Dalam kunjungan tersebut, Bupati bersama Ketua K3S menyerahkan berbagai bantuan berupa kursi roda, alat bantu jalan (walker), serta paket sembako. Selain itu, kegiatan juga dimanfaatkan untuk melakukan verifikasi dan pendataan warga yang mengalami keterbatasan fisik maupun kondisi bedridden agar seluruh program perlindungan sosial benar-benar tepat sasaran.
Kunjungan diawali ke rumah Ni Ketut Sasih, yang sedang menjalani pemulihan setelah mengalami stroke. Pada kesempatan itu, Bupati Adi Arnawa menyerahkan kursi roda guna membantu mobilitas selama proses pemulihan.

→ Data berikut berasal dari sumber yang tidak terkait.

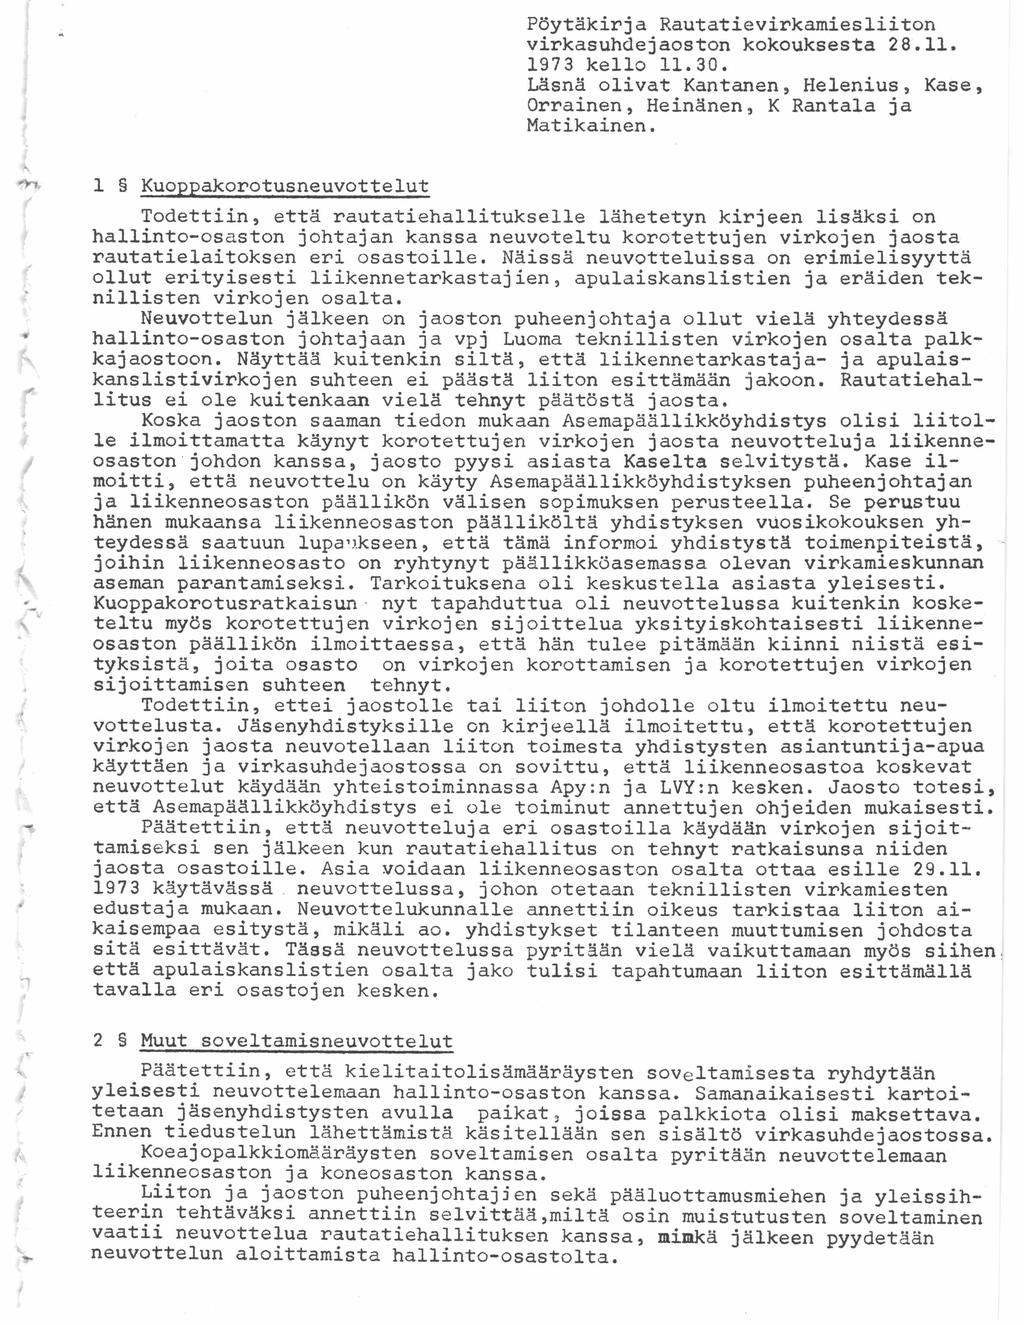 Pöytäkirja Rautatievirkamiesliiton virkasuhdejaoston kokouksesta 28.11. 1973 kello 11.30. Läsnä olivat Kantanen, Helenius, Kase, Orrainen, Heinänen, K Rantala ja Matikainen.

Rombongan kemudian mengunjungi Ni Nyoman Sentong, warga yang mengalami patah tulang. Selain kursi roda, ia juga menerima alat bantu jalan (walker) agar lebih mudah menjalani aktivitas sehari-hari.

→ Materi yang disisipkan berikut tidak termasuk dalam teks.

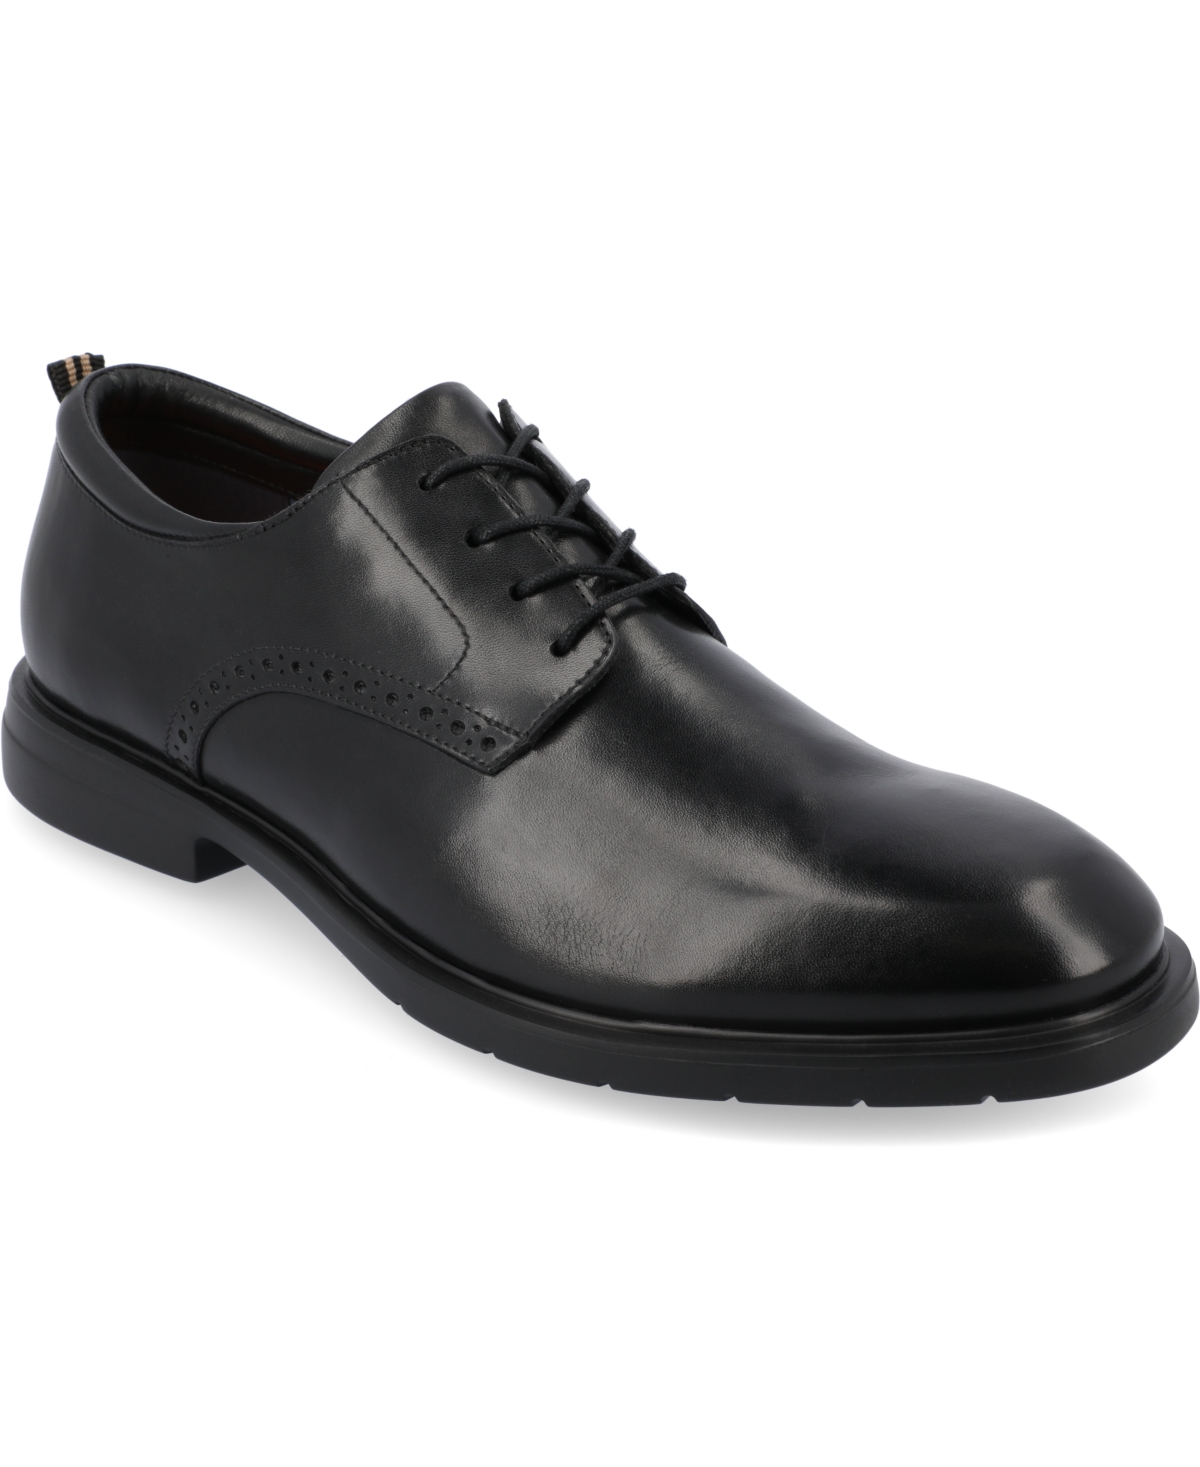 Men's Stafford Tru Comfort Foam Plain Toe Derby Dress Shoes - Cognac

Selanjutnya, Bupati dan Ketua K3S menyambangi kediaman Ni Luh Made Oka Nariadi, yang mengalami kelumpuhan akibat kecelakaan sekaligus merawat dua anak penyandang disabilitas. Kegiatan ditutup dengan mengunjungi Putu Gede Bayu Wira Putra (9), anak yang saat ini menjalani pengobatan akibat leukemia.

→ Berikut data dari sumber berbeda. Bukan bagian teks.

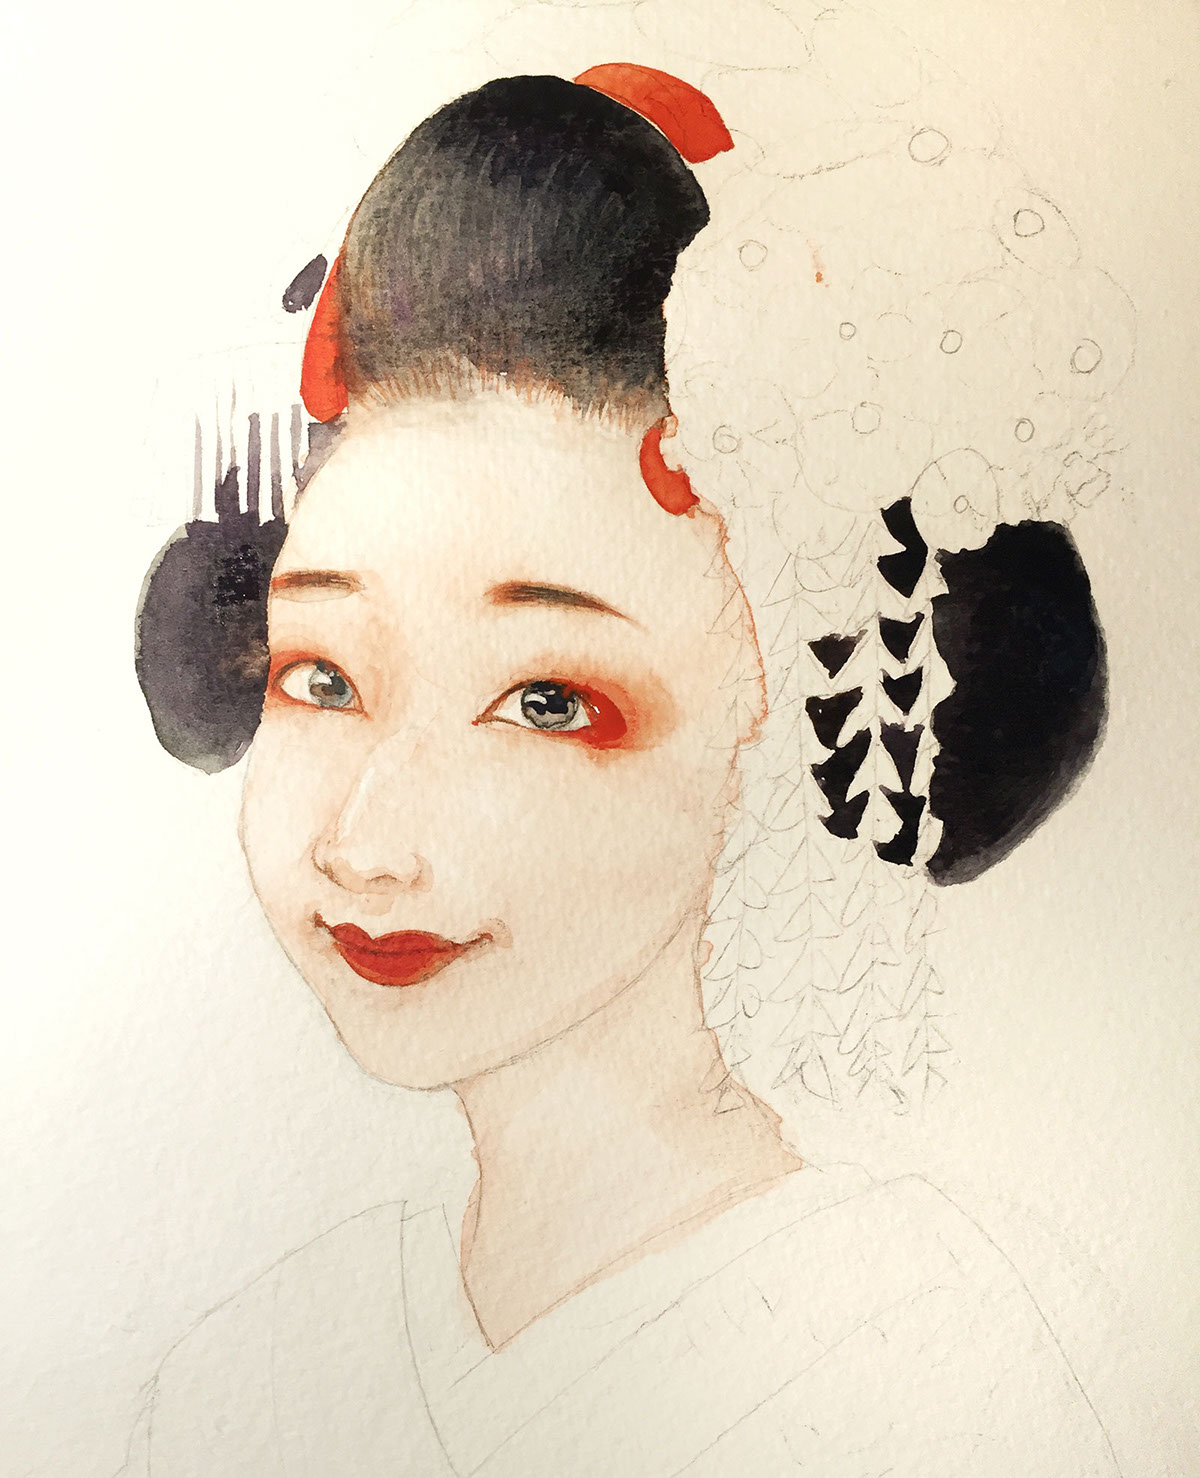 geisha gisaeng japan Korea watercolor handdrawing

Adi Arnawa menegaskan bahwa kunjungan tersebut merupakan bagian dari upaya Pemerintah Kabupaten Badung memastikan seluruh masyarakat yang membutuhkan dapat memperoleh akses terhadap berbagai program perlindungan sosial.
“Saya bersama Ketua K3S Kabupaten Badung mengunjungi beberapa warga penyandang disabilitas, baik fisik maupun mental. Selain menyerahkan kursi roda, paket sembako, dan alat bantu lainnya, kami juga memastikan masyarakat yang mengalami kondisi bedridden mendapatkan perhatian dari pemerintah. Pemkab Badung memiliki program bantuan tunai sebesar Rp1 juta setiap bulan bagi warga bedridden yang tidak lagi mampu beraktivitas secara mandiri akibat stroke maupun kondisi kesehatan lainnya,” ujar Adi Arnawa.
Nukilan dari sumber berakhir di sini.